Dataset excerpt -
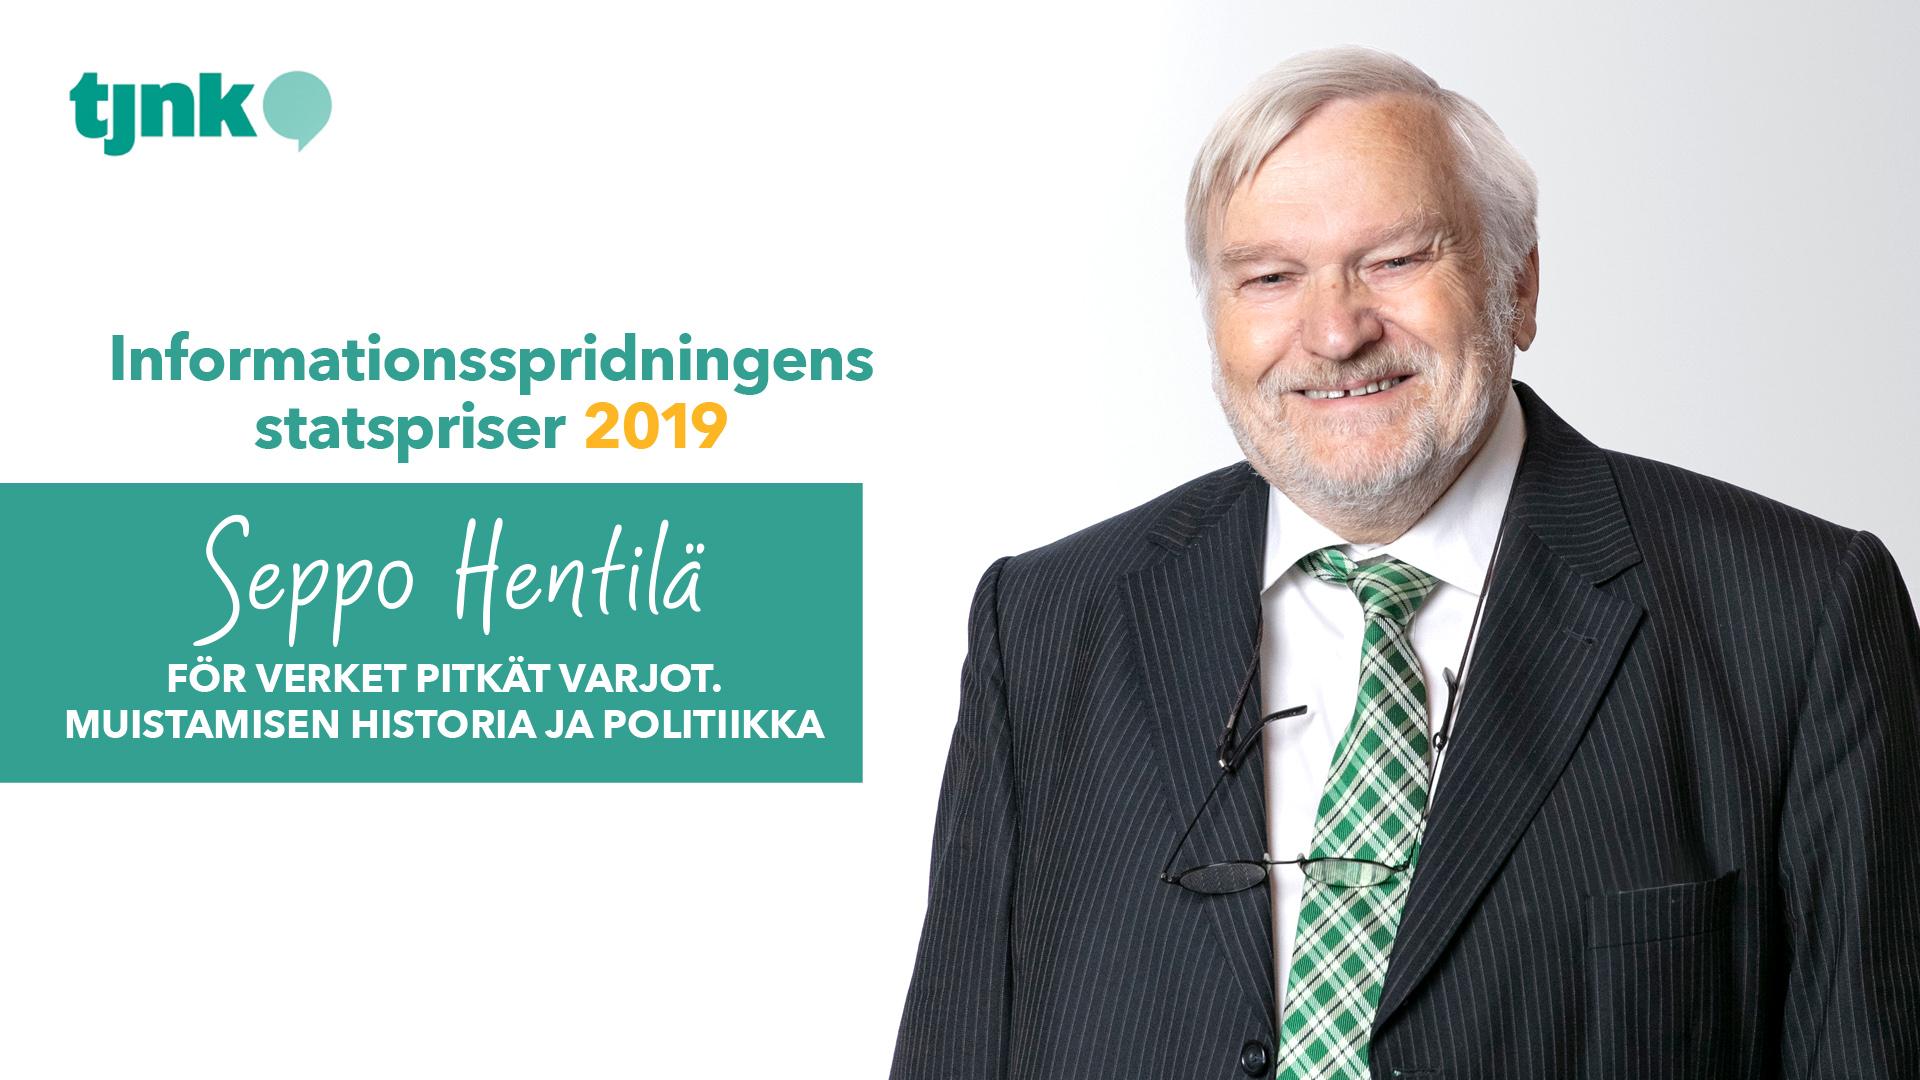 Seppo Hentilä
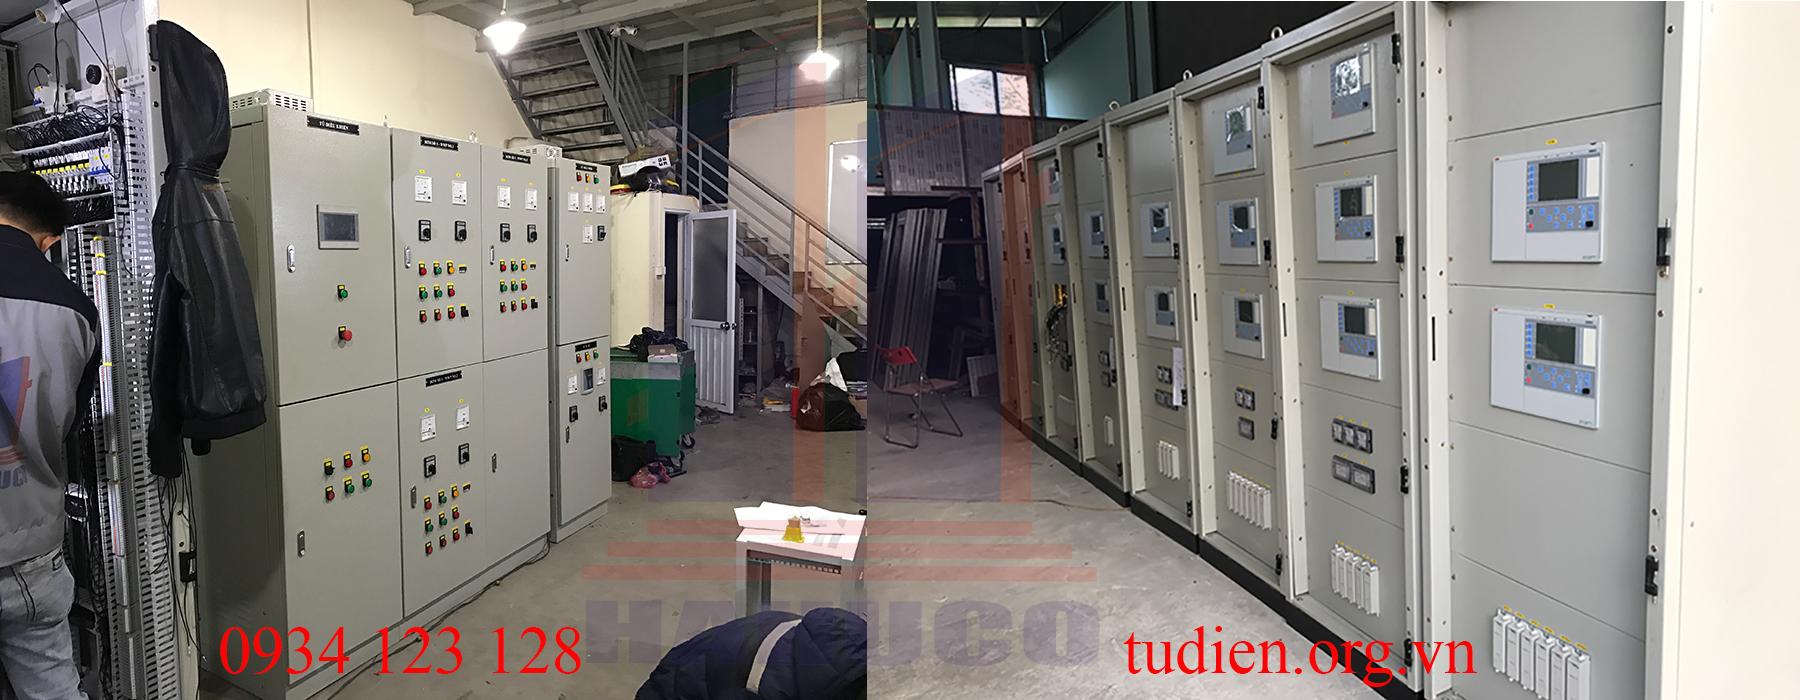 Tủ điện 2 lớp cánh chất lượng cao
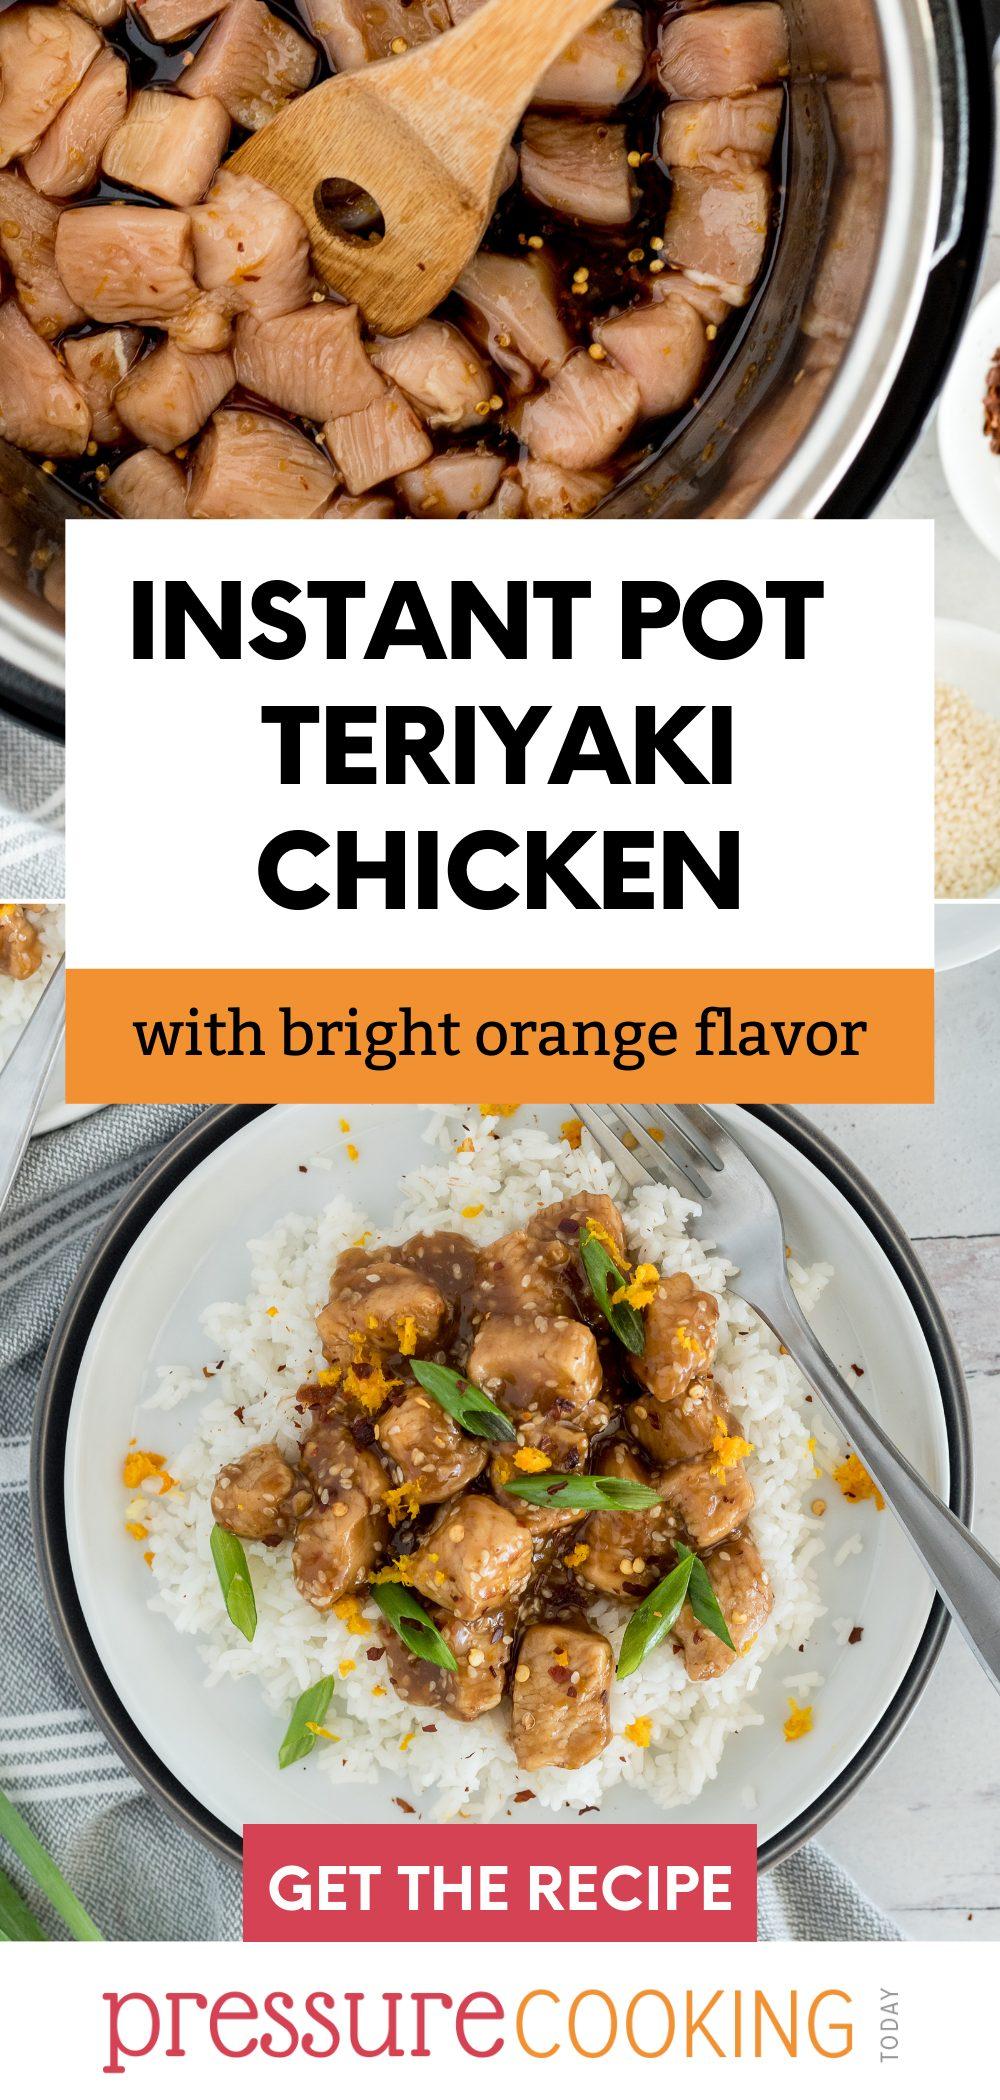 Instant Pot Teriyaki Chicken via @PressureCook2da

Task directions - Pictures stay out of this copy. Retype exactly the lines from the one with "Tủ điện 2 lớp cánh chất lượng cao" through the last line of the data, both ends included, and nothing more.

Your solution -
 Tủ điện 2 lớp cánh chất lượng cao
 Instant Pot Teriyaki Chicken via @PressureCook2da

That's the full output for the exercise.